Chet Currier Associated Press

When you hear about a hot new item this spring on the shelves of several leading mutual-fund groups, stay cool.

It’s the so-called “super index” or “enhanced index” stock fund - an idea that scores lots of marketing points, at least, for timeliness and competitive ingenuity.

But as good as they may sound, super index funds should be approached with a healthy measure of skepticism. While a few of them may succeed in their mission, as a group they seem likely to fall short.

“Enhanced” index funds have actually been around for almost as long as the product on which they are based, the classic index fund modeled after a stock-market indicator such as Standard & Poor’s 500-stock composite index.

Index funds began to attract a following as far back as the 1960s and ‘70s, boosted by academic studies that focused on the difficulties fund managers and other professional investors faced in trying to beat the market.

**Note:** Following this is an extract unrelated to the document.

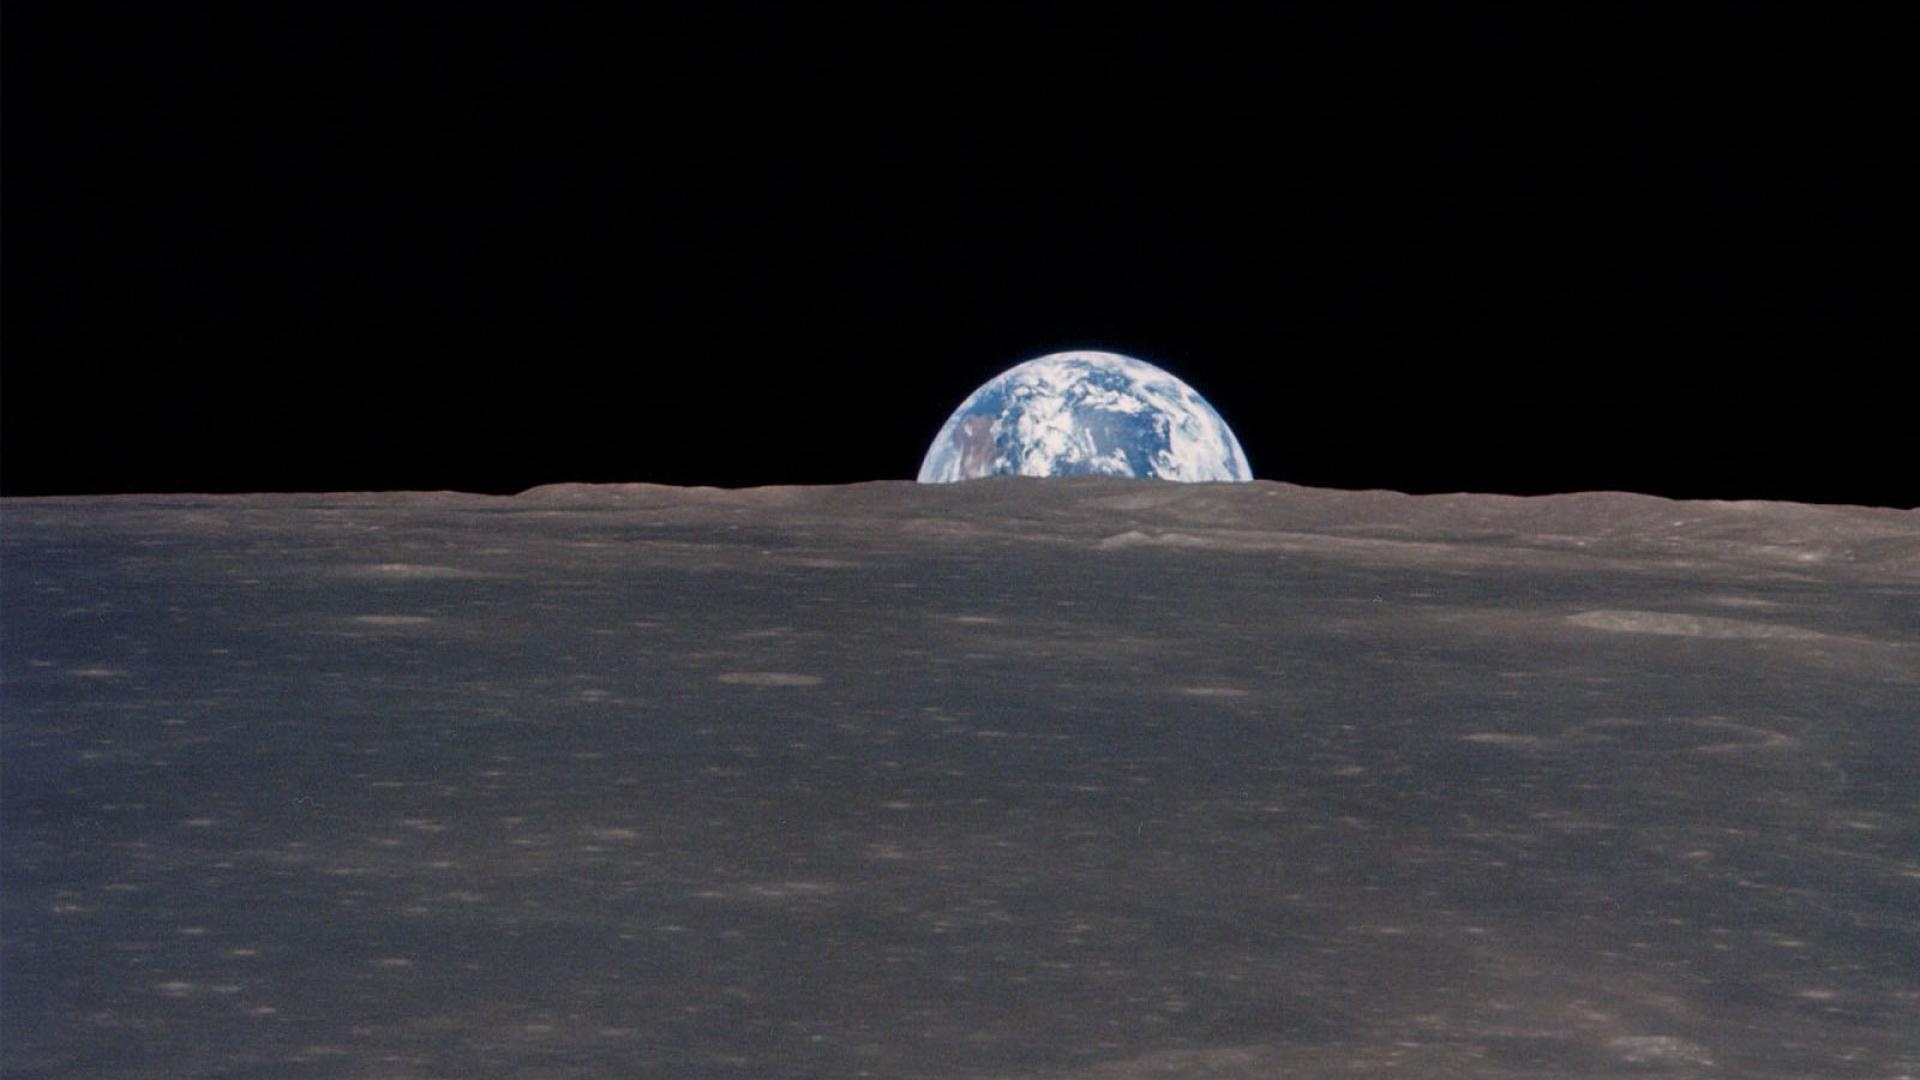 Apollo, Fascinating wallpapers, Astronauts' courage, Space exploration, 1920x1080 Full HD Desktop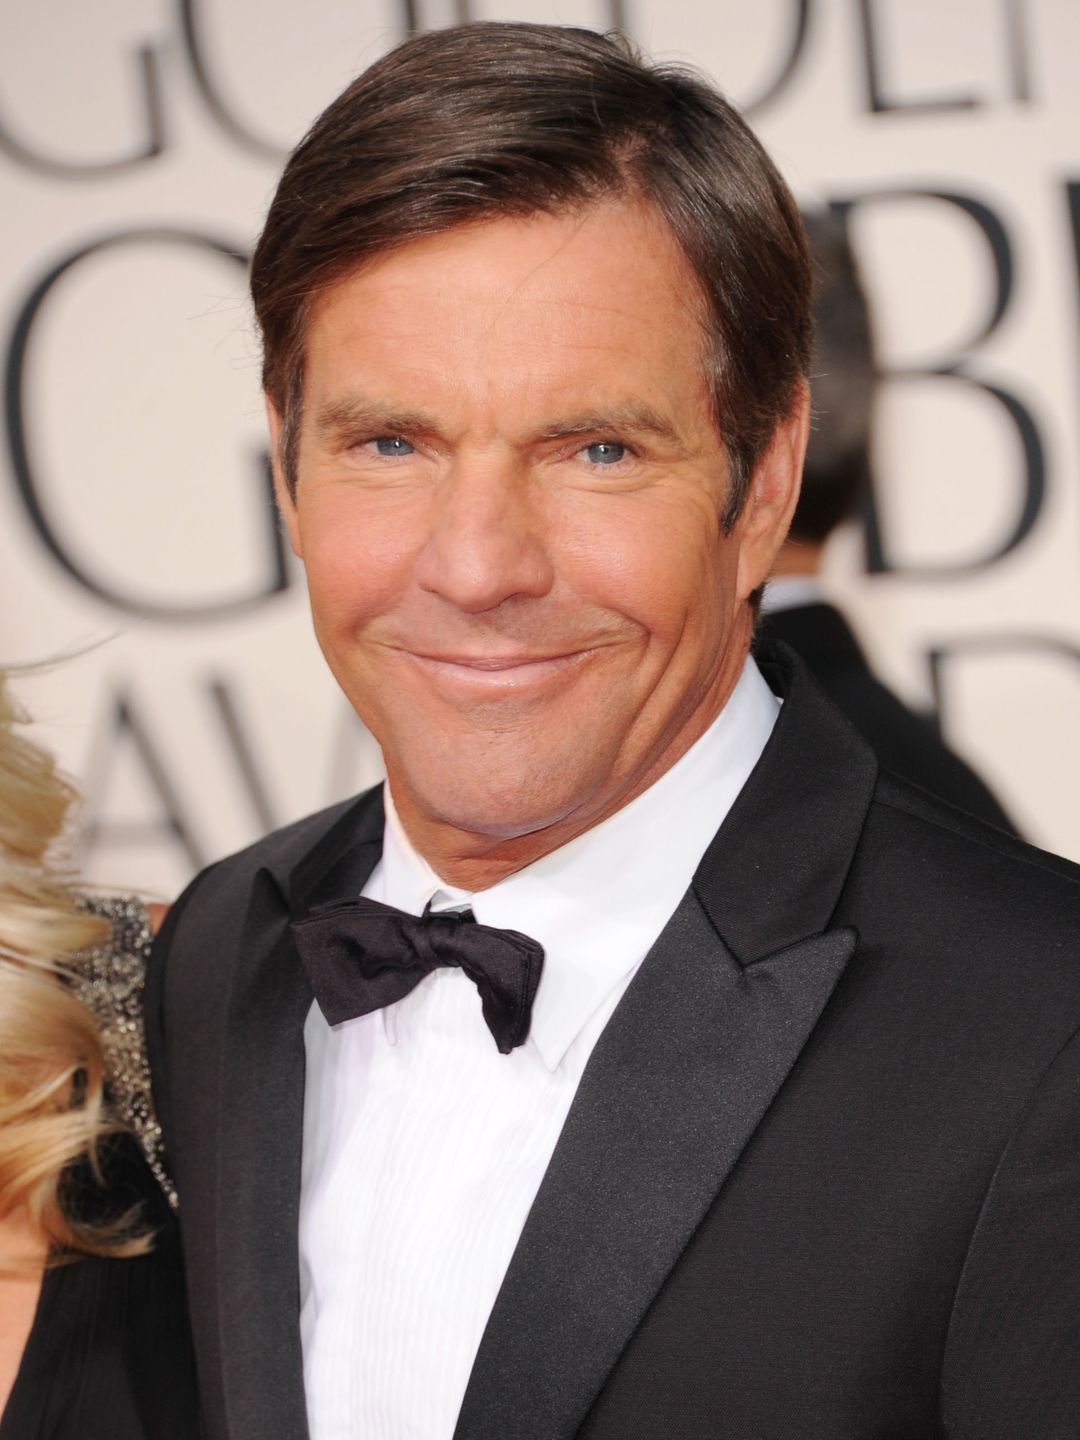 Dennis Quaid height and weight

No matter how smart they were or how hard they worked, all of these investors couldn’t turn in above-average returns. By minimizing expenses of research and trading, in fact, index funds made the case that they could outperform the average managed fund more often than not. They have flourished, especially in the past few years.

Something in the human spirit rebels, however, at the idea of aiming for mediocrity. Once you set up a fund simply to parallel the course of the S&P 500, is there really no way to try to do better?

From such an impulse was born the enhanced index fund, which uses the latest in investment management theory and computer technology to try to get a little extra edge.

In simplest terms, enhanced index funds generally try to outdo “passive” index funds by eliminating a few duds, or overemphasizing a few promising companies, or both, among the numerous stocks that make up an index.

Alas, the logical problem that managed funds in any form face in beating the indexes has very little to do with how sophisticated their techniques may be. There is still no way for the majority to win the market-beating game.

So why index the portfolio at all? Set up a fund to own only the prospective winners and sell the losers short.